Return the stretch from the line with "Bitcoin Skills: Basics for Beginners" through the line with "Monjardin_ROJA_OK" in the data below, character for character, skipping all pictures.

AVAILABLE RECORDS:
= = = = =
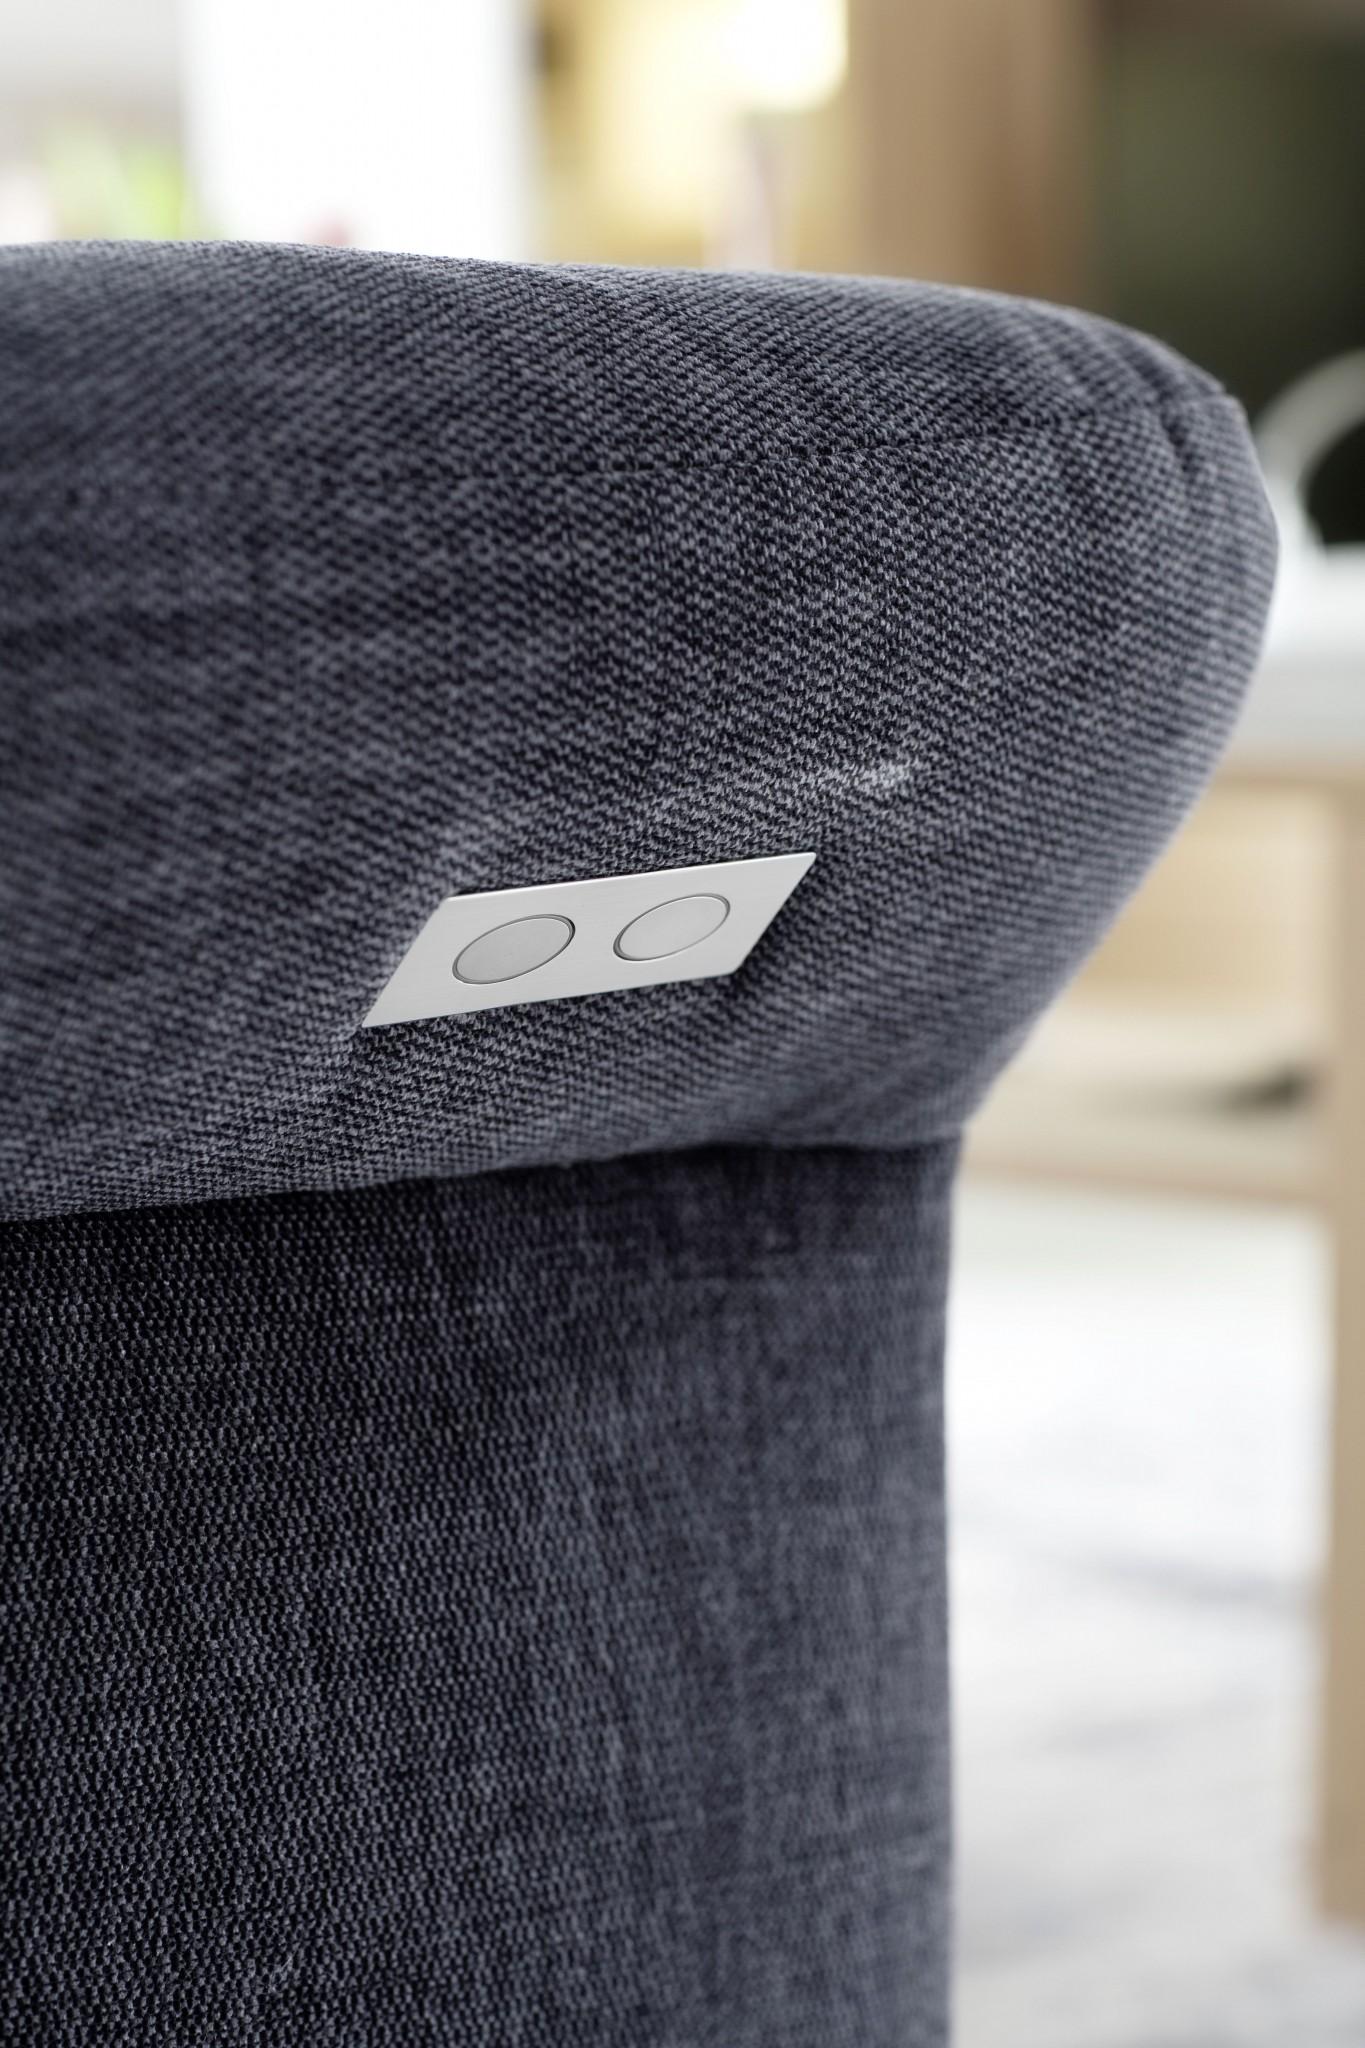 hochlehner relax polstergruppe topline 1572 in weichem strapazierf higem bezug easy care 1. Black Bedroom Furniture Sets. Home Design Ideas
= = = = =
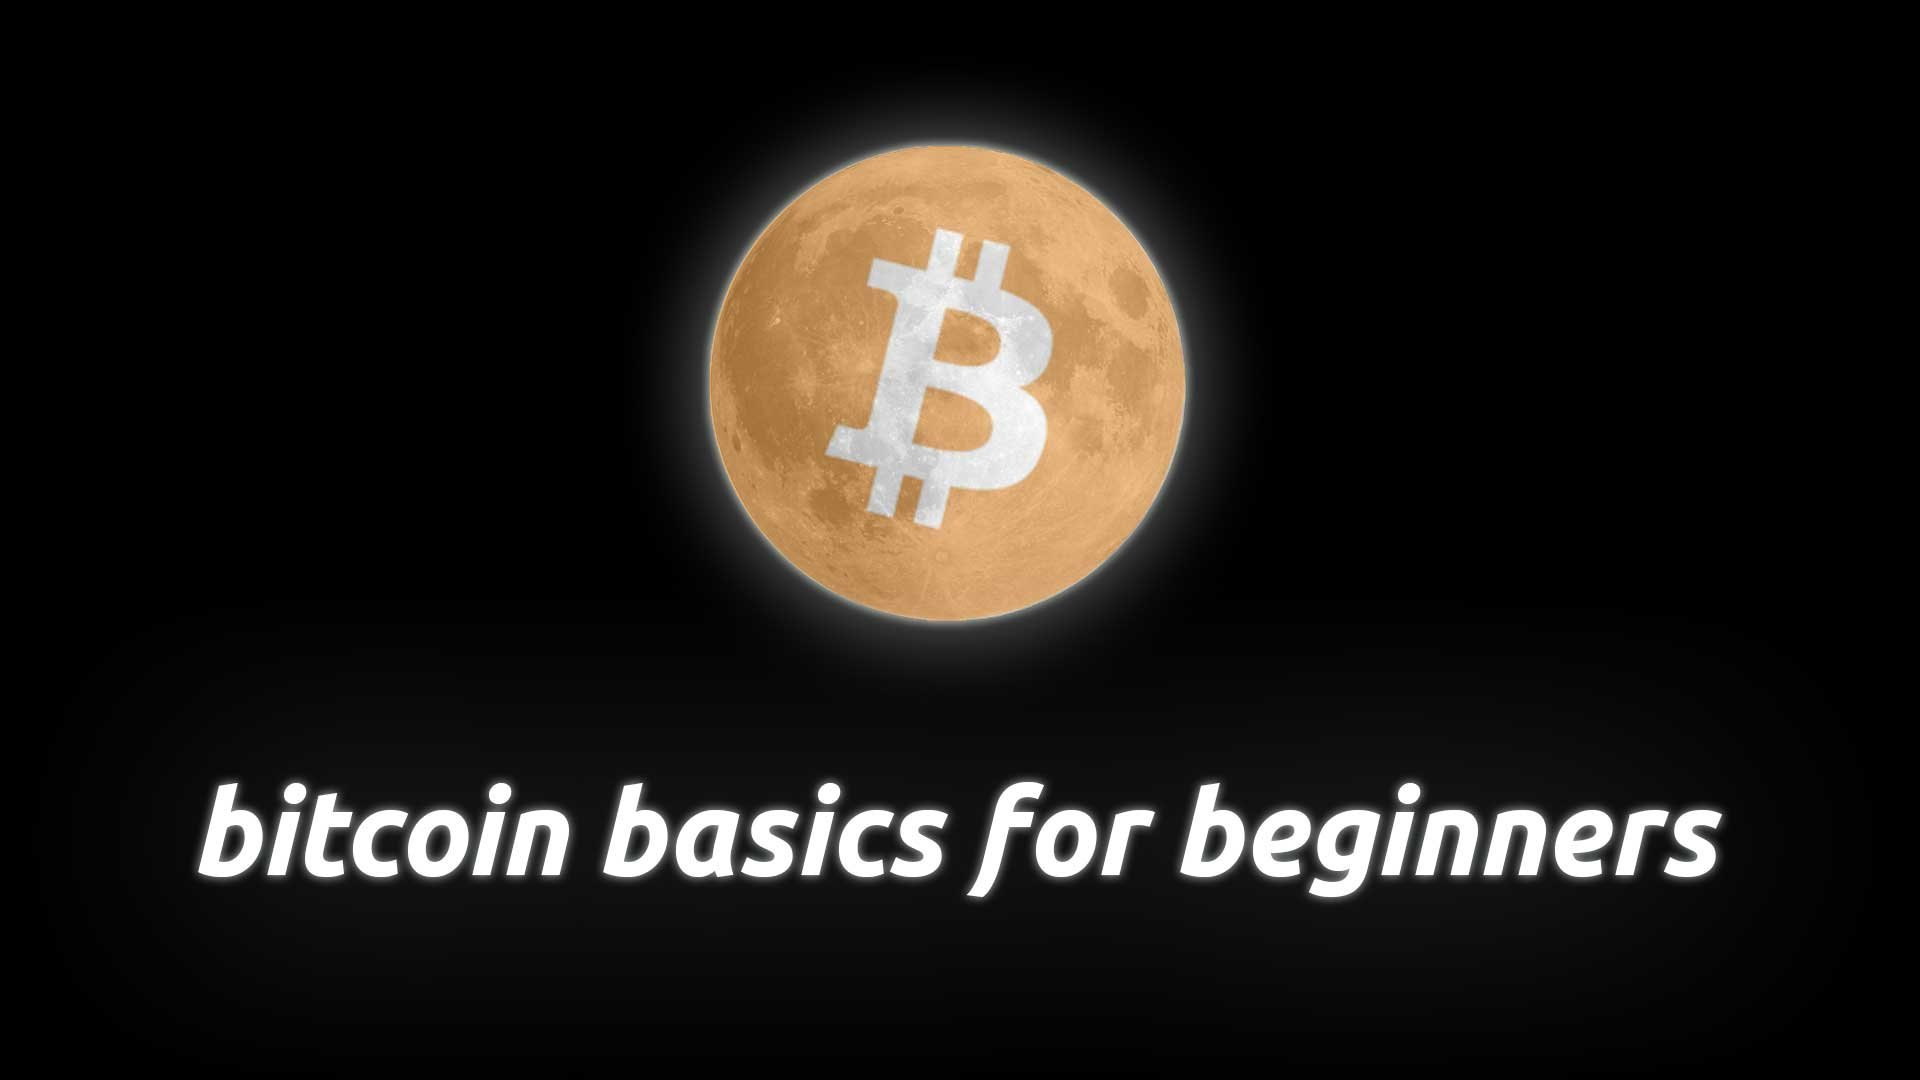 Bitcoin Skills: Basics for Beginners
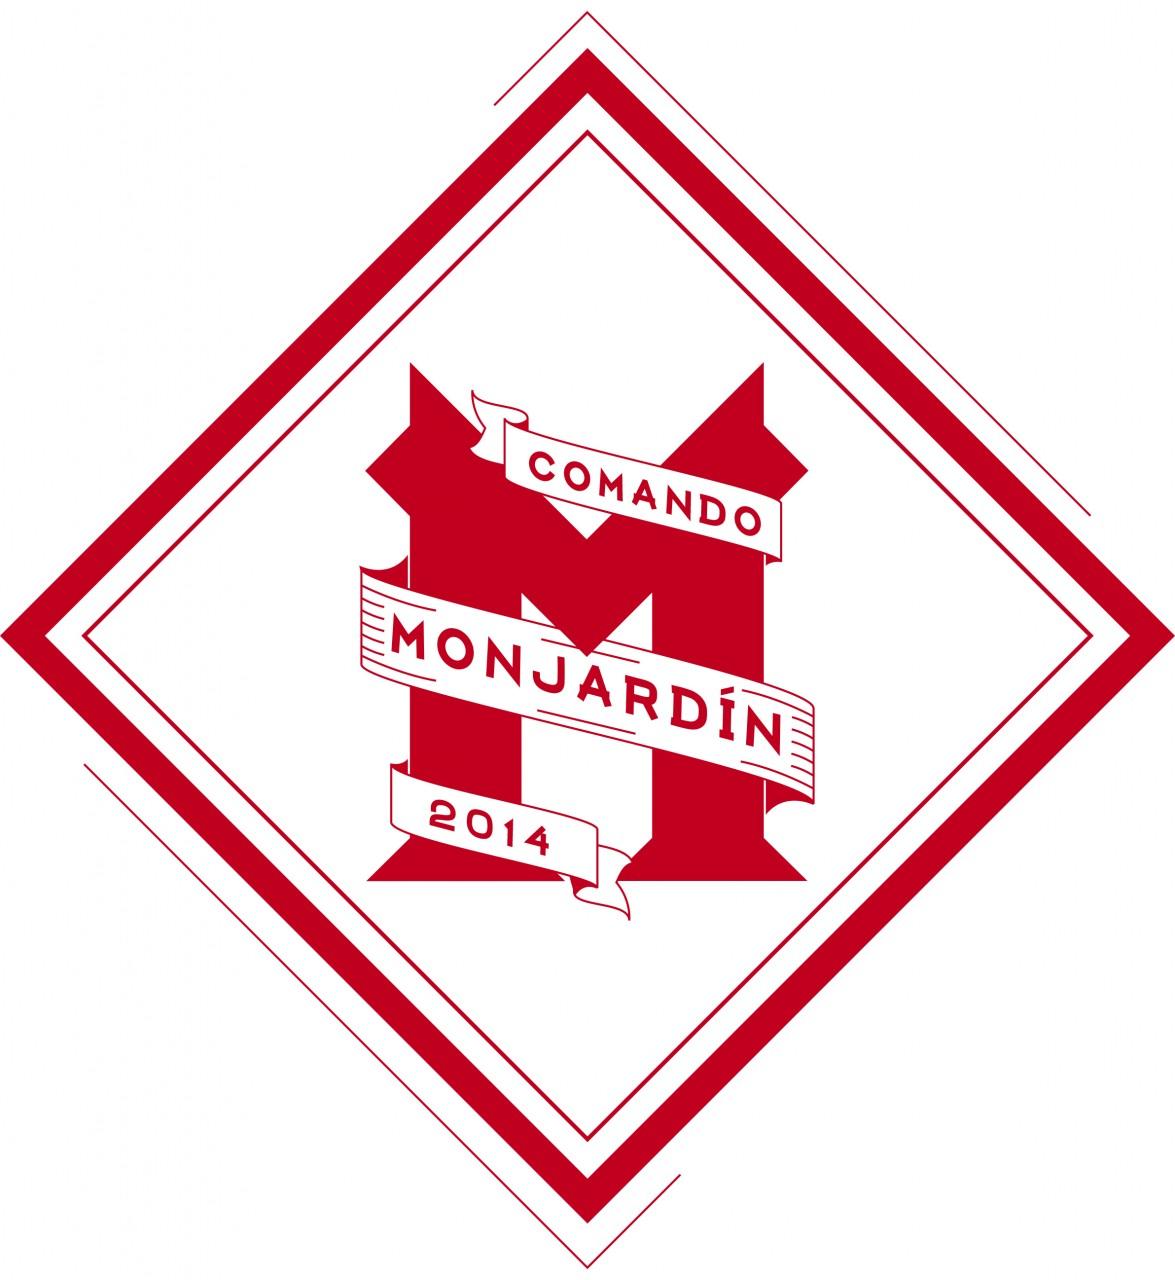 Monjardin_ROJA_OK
= = = = =
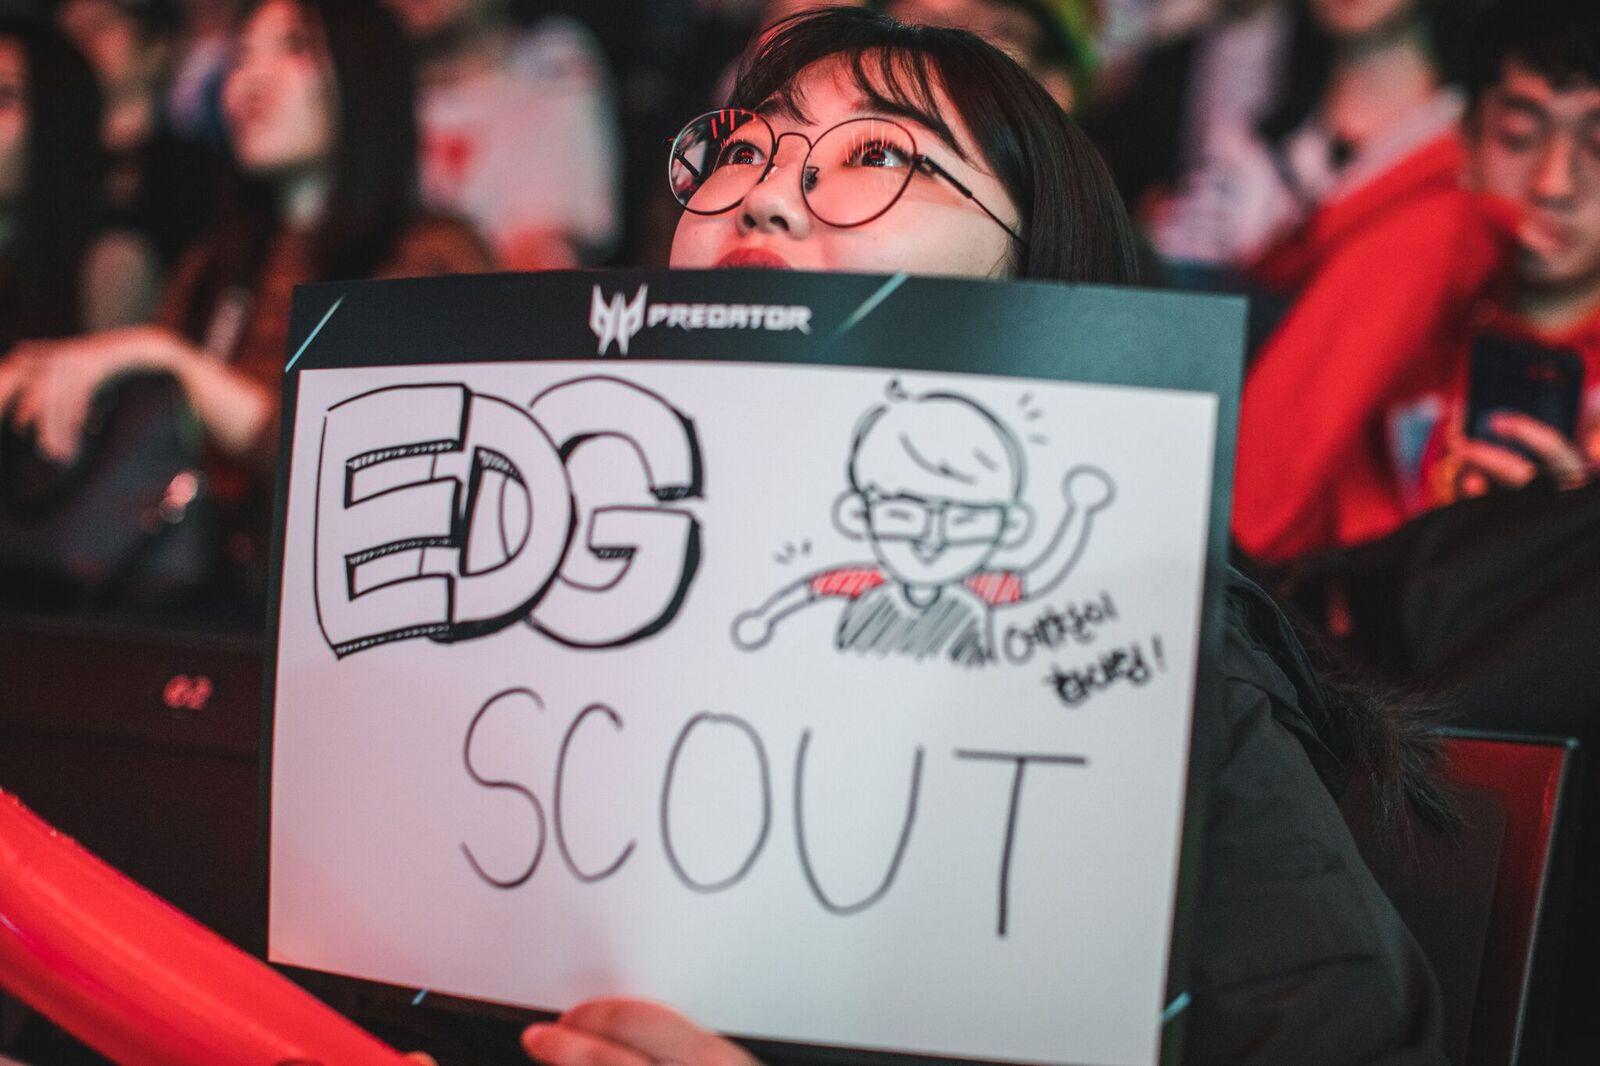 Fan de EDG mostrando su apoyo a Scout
= = = = =
RESULT:
 Bitcoin Skills: Basics for Beginners
 Monjardin_ROJA_OK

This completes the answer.